Otto and I have passed the one-third-of-a-year mark (woo!), which—given that I’m still doing things like measuring our married life in fractions of a year—means that we’re still newlyweds. I have a much less romantic ideal of marriage at 36 than I did at 22 (duh), so it’s not that I expect being newlyweds to mean a constant carnival of x-rated giggling and uncomplicated joy, or anything, but it is rather complicated to start out married life with a couple of mortgages and a couple of kids who need to go to school at dawn every morning and two demanding jobs and several boxes that, let’s face it, we’re probably never going to unpack so maybe we should throw them in the attic already instead of pretending otherwise.
Nevertheless, if I learned anything from my first marriage it’s that romance doesn’t necessarily just happen; it needs to be made. We need to take the time to just be with each other and do things other than talk about bills, homework, deadlines and how we are out of milk AGAIN and I cannot make another trip to Kroger because I was JUST THERE.

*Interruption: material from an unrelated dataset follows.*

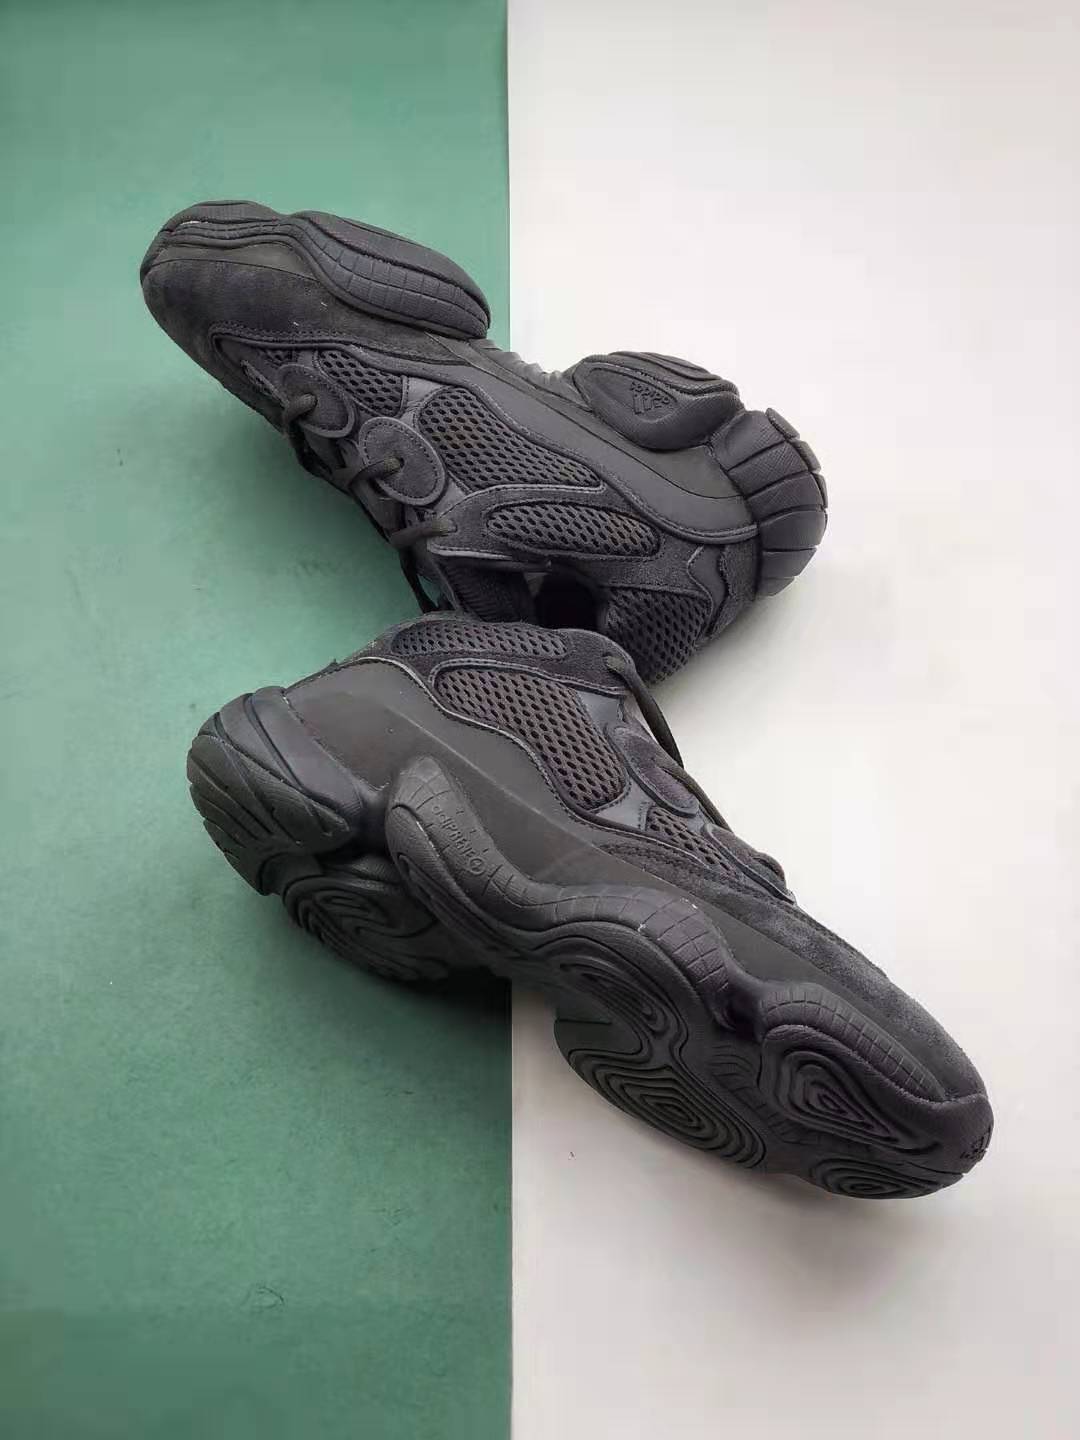 Adidas Yeezy 500 Utility Black F36640 - Limited Edition Footwear

So. The kids were gone. The evening was ours. And Otto picked a restaurant for us to try, and we even put on some clothes that did not involve shorts or t-shirts. We headed out in Otto’s car.
“So!” said Otto as we drove along, “how does it feel to be out on a date?”

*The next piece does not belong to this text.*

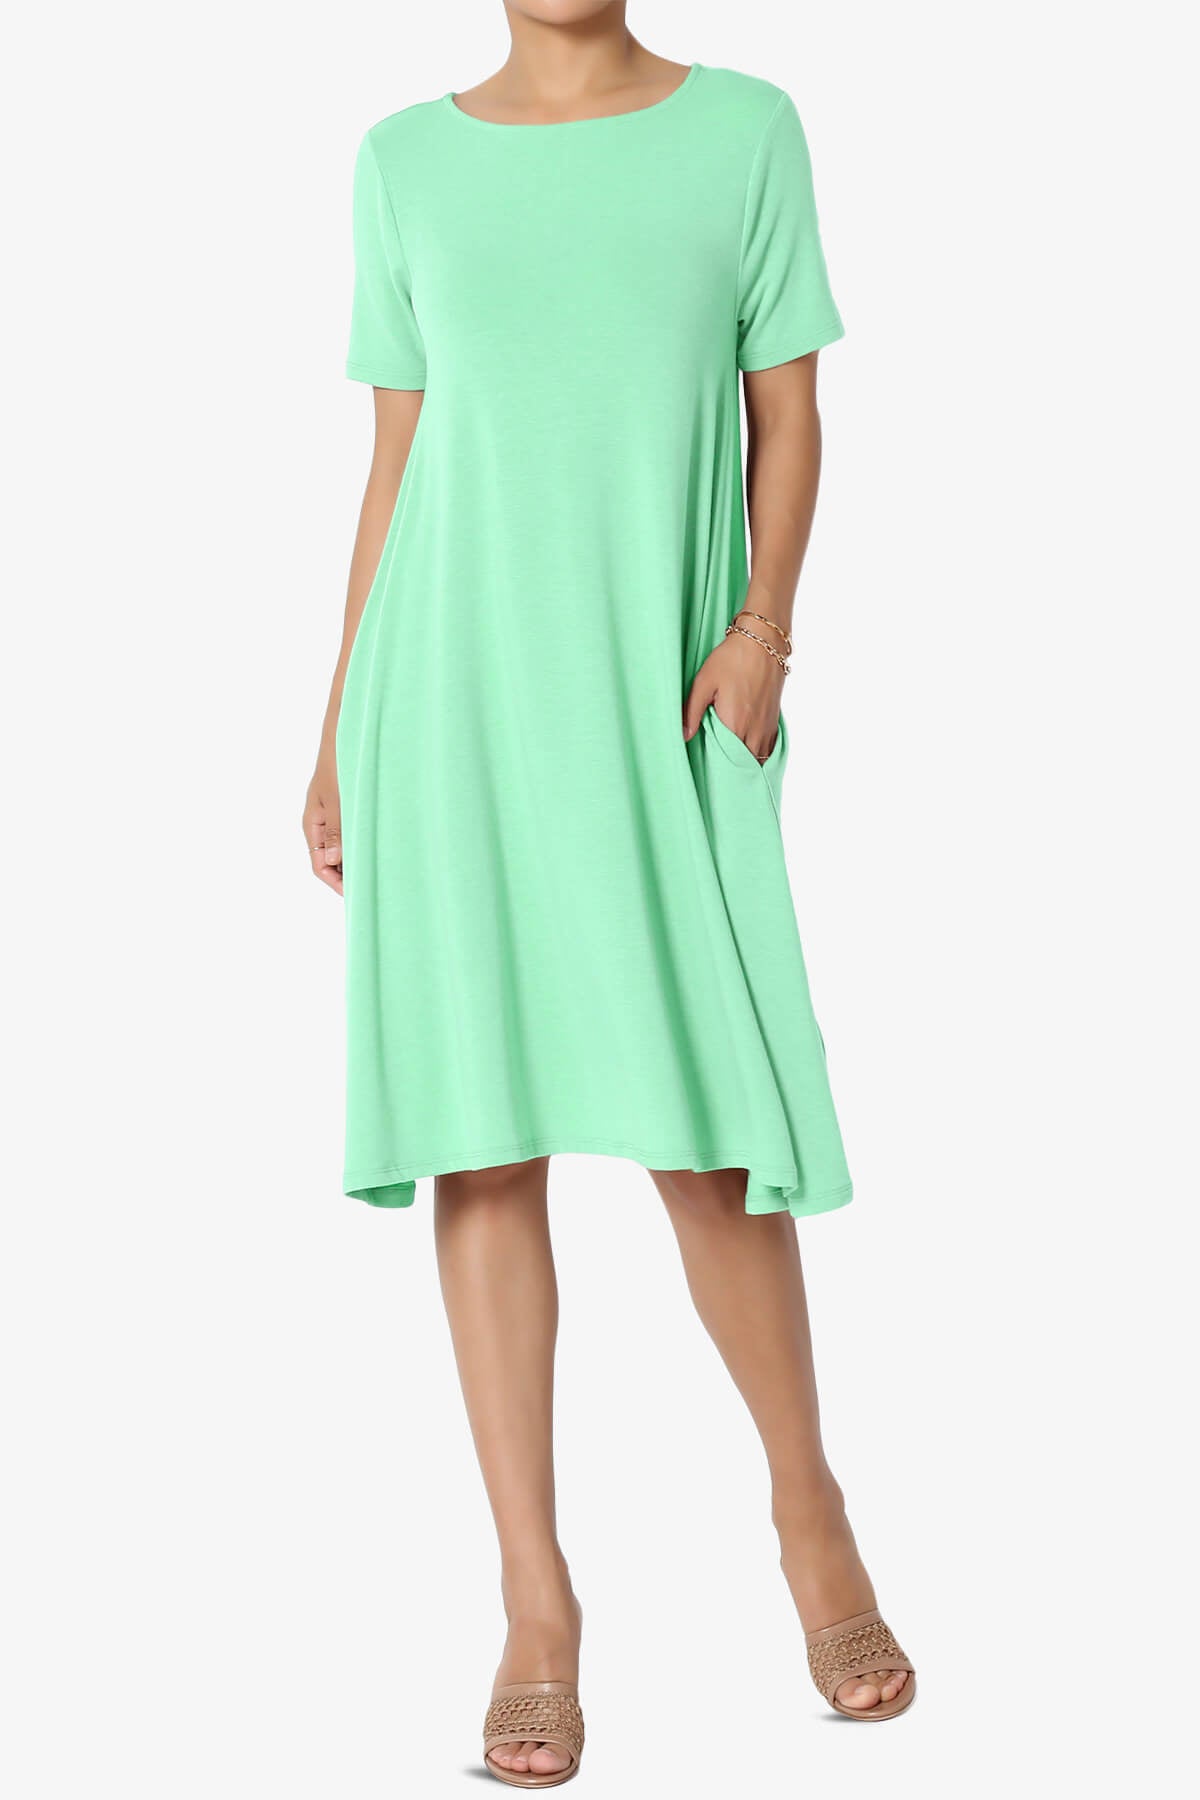 Allie Short Sleeve Jersey A-Line Dress GREEN MINT_1

“It feels…” I paused to fully assess the situation. I was wearing a flouncy skirt and pretty shoes. Otto’s hair was still damp from showering, and he was wearing a nice shirt. He drove with one hand on the steering wheel and the other resting on my knee, holding my hand. “It feels good! I like it!”
“Good! Me too.” He squeezed my hand. “So, is it like you remember dating?”
“Hmmm. Yes, I think it sort of is.” He nodded, satisfied with my answer. “In fact,” I went on, “If dinner’s any good? I’ll probably put out tonight.” I tried to keep a straight face, but his reaction made it impossible. I had no choice but to compound his pretended shock. “Yes, this is JUST LIKE I REMEMBER DATING!” We laughed most of the way to the restaurant.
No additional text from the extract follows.